Il sagrestano, seppure sconcertato, ubbidì e ubbidendo sentì qualcuno che dentro una cassa si lamentava, piangeva e singhiozzava.

«E adesso costui chi sarà?» andò a vedere e ne estrasse un bel giovinotto, ma che continuava a lagrimare.

«Oh Edoardo! Edoardo!... Sei proprio tu?» domandò la meretrice.

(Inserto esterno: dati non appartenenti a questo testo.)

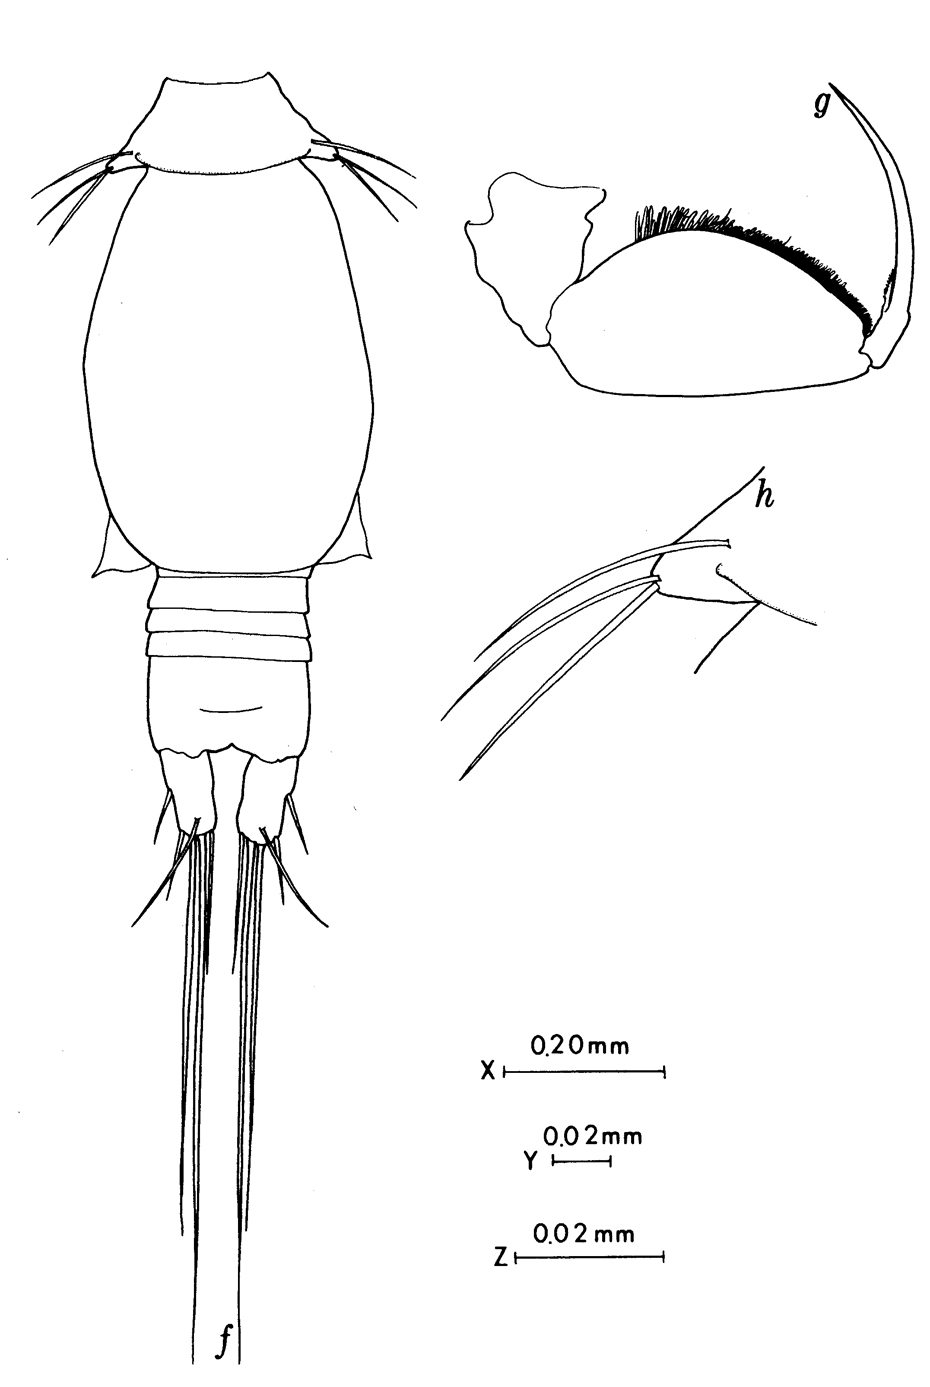 Espèce Oncaea brocha - Planche 3 de figures morphologiques

«Sì, son io, oh crudele! che sei causa del mio pianto e della mia fine.. son io, quegli che è stato da te rovinato e gettato all’ignominia della disperazione e della morte.. io! io che pensavo che tu fossi una fanciulla onesta e che tu fossi sincera nel rivelarmi il cuore tra quei dolci abbracci e quegli accenni di baci che più casti di così non sapevo cosa ci potesse essere, se non il volto della Vergine stessa che, per colpa tua, oh disgraziata, non posso più vedere. Sì, son io, il tuo Edoardo.. tuo? Macché.. il tuo raggirato Edoardo, il tuo drudo da quattro soldi al quale non osasti chiedere nemmeno mezza lira per averti fatto da bracciere quella sera, a teatro.. oh perfida!... Che sia maledetto il giorno in cui ci incontrammo! Sembravate un Angiolo.. ma sei Satana in persona… E che? Aspettavi forse di spennarmi per bene? Di avvelenarmi col tuo talamo fasullo?... Ebbene, sì.. m’hai avvelenato ugualmente sì che davvero di veleno di mia mano dovetti soccombere.. e mi piangevi?... E lagrimavi?... No.. no.. nulla! Altri clienti passarono tra le tue sante braccia.. e adesso? Ti fingi forse la Maddalena?».

«Oh Edoardo! Edoardo! Se fui con te crudele quanto crudelissimo sei tu ora con me!... Davvero dubiti?... Ebbene, oh ingrato! Io t’amai dassenno e davvero in te vidi una liberazione… A che dirti tutto? Era necessario?... Non mi avresti più amato e tu lo sai bene. Oh povero Edoardo! Così ti avvelenasti?... Se solo fossi vissuto.. avresti visto la tua povera fanciulla essere arrestata e finire in prigione e a stenti i suoi giorni, per colpa di quel dannatissimo! Oh Edoardo.. lo vidi.. lo sentii poco fa.. ecco di chi sei vittima! Io ti amo.. ti amo.. e come vorrei essere in Paradiso con te!... Ma siamo quaggiù, di nuovo… E se chiedessimo scusa al Signore?».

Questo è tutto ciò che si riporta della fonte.